Ну вот меня что конкретно не устраивает в политической жизни страны? То, что мне вывеску ресторана скололи, сбрасывая снег. И что мне делать? Я буду думать, как сделать вывеску поменьше, чтобы не скалывали. Буду приспосабливаться. Но я не буду устраивать пикет «Заебали скалывать вывески».
— Получается, что вы думаете только о себе, а о соседе уже не думаете?
— Так дело в том, что если каждый человек будет думать о себе — чтобы в ресторане было чисто, чтобы сырники не давали испорченные, — уже будет заебись.
— Последний раз на митинг выходили за отмену «закона Димы Яковлева».
— За это и я бы, честно говоря, пошел. Только, боюсь, воплями уже не поможешь.
Если ты так сильно переживаешь — нужно брать ребенка. Показывать собственным примером. Вносить общее в частную жизнь. А так, поорать, а ребенка не взять — пиздобольство получается.
— Немногие в России смогут содержать дауна. К тому же общество нетерпимое, среда агрессивная.

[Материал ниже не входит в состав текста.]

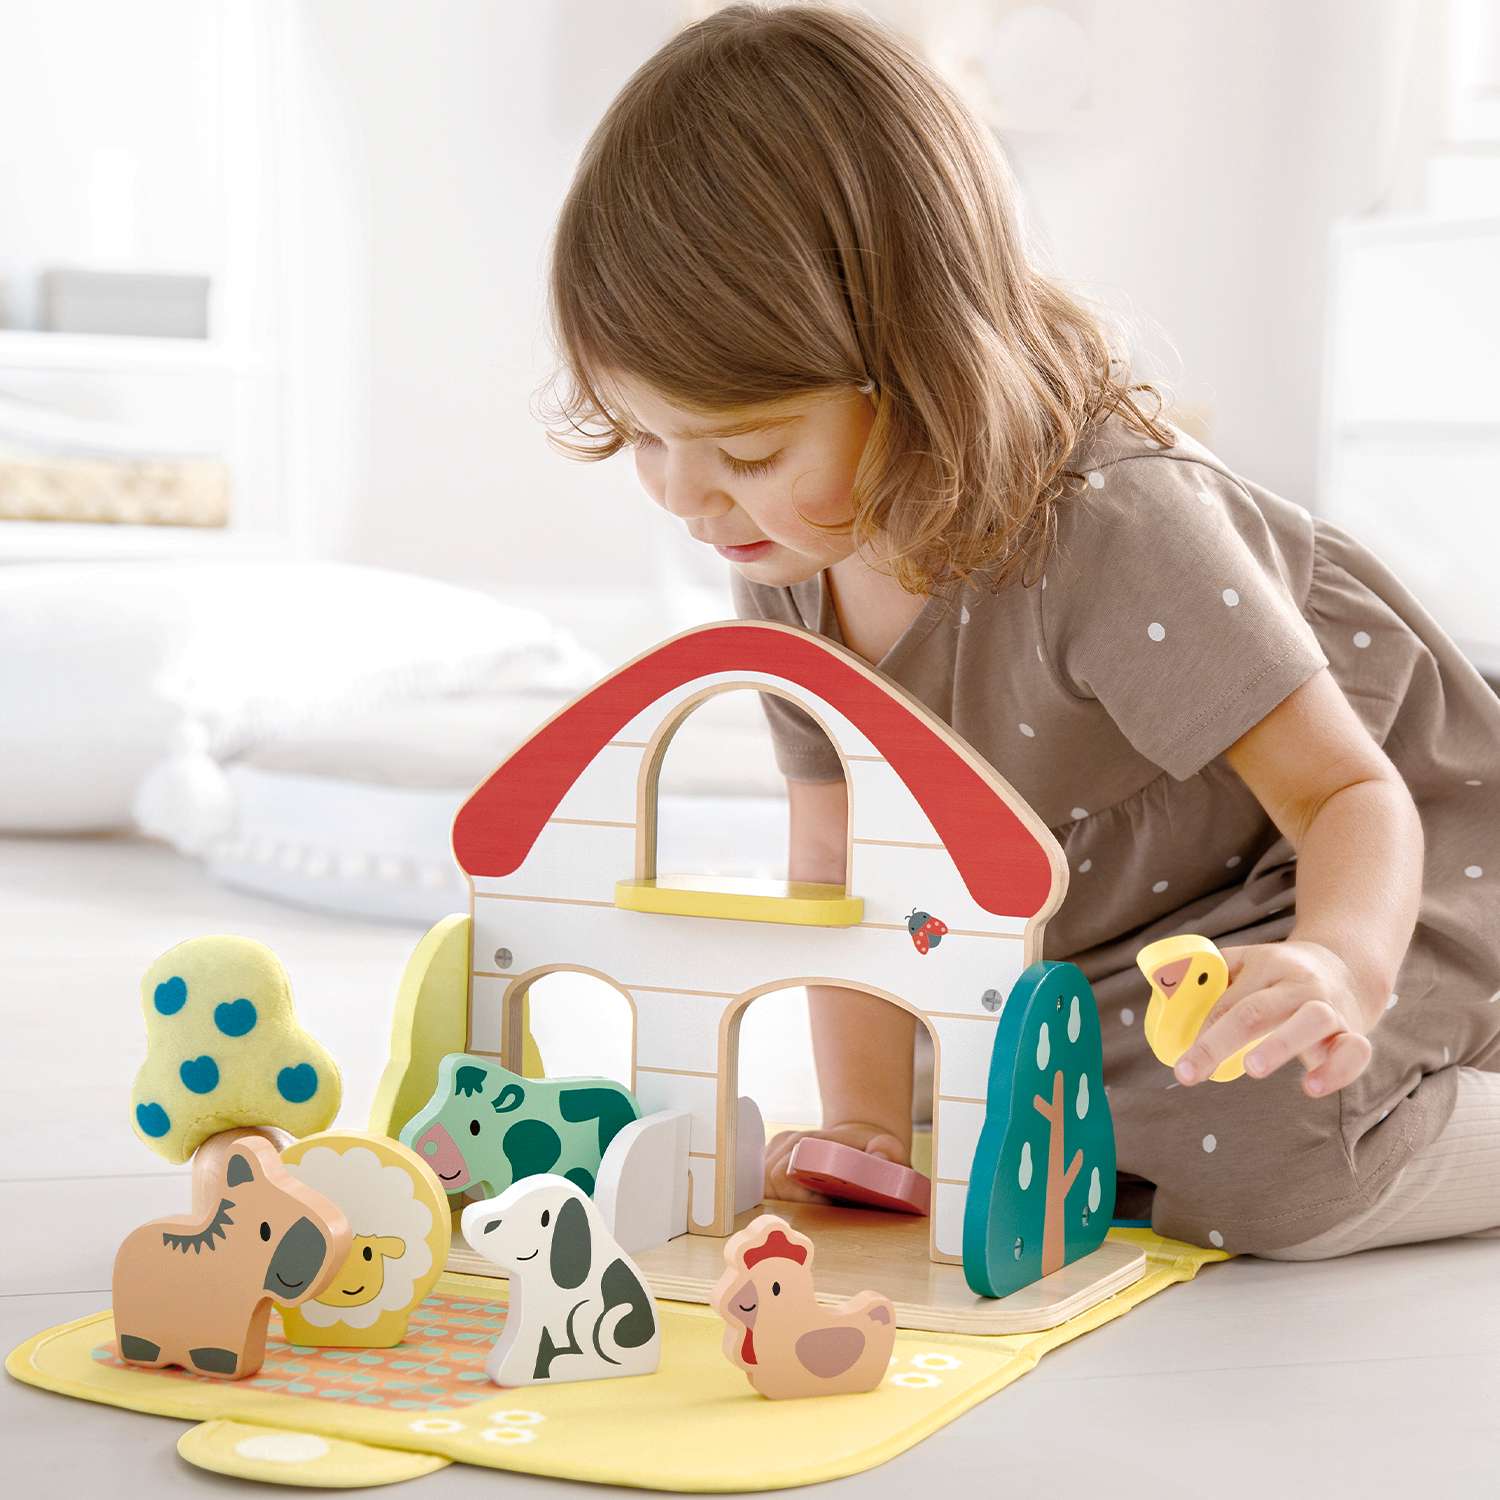 Развивающая игрушка для детей Hape Ферма коврик и фигурки животных серия пастель E8538_HP - фото 1

— А среда откуда? Среда — это мы все. Неспособные к восприятию правды другого, поскольку у каждого собственная правда. Потому что эти правды сталкиваются. Поэтому и среда такова. Среда — это мы: про нетерпимость для начала нужно понять кремлевцу с белоленточником.
— А можно договориться всем этим правдам?
— В XXI веке вряд ли. В XXI веке, когда настоящее сокращается до мгновения, когда протяженность настоящего очень коротка, любой прогноз будущего — это утопия, а любые скрепляющие идеи все-таки направлены в будущее, а с будущим большие вопросы не только у нас здесь, а вообще на планете.
Поорать, а ребенка не взять — пиздобольство получается.
— Хотя конец света не наступил.
— А это кто как считает. Я думаю, что конец света — личный выбор каждого.
— У вас наступил?
— У меня, думаю, где-то в двухтысячном.
— Что такого случилось в двухтысячном?
— Не знаю, такое ощущение.
— А что было после конца света?
— После конца света было все так, как есть. Нет, это я шучу, конечно. Все разговоры об общем конце, вся истерия, которая случилась, была подогрета социальными сетями. Ура, у нас есть что-то общее: кнопка «лайк». Или: поменяли интерфейс на Фейсбуке, кто-то этому рад, а кто-то не очень, но есть общее, связывающее всех. И конец света тоже должен быть общим. Не личный маленький конец света — как то смерть, а общий, если отключили Фейсбук. Отключение некоего большого общего, глобального Фейсбука — так современному обществу видится конец света.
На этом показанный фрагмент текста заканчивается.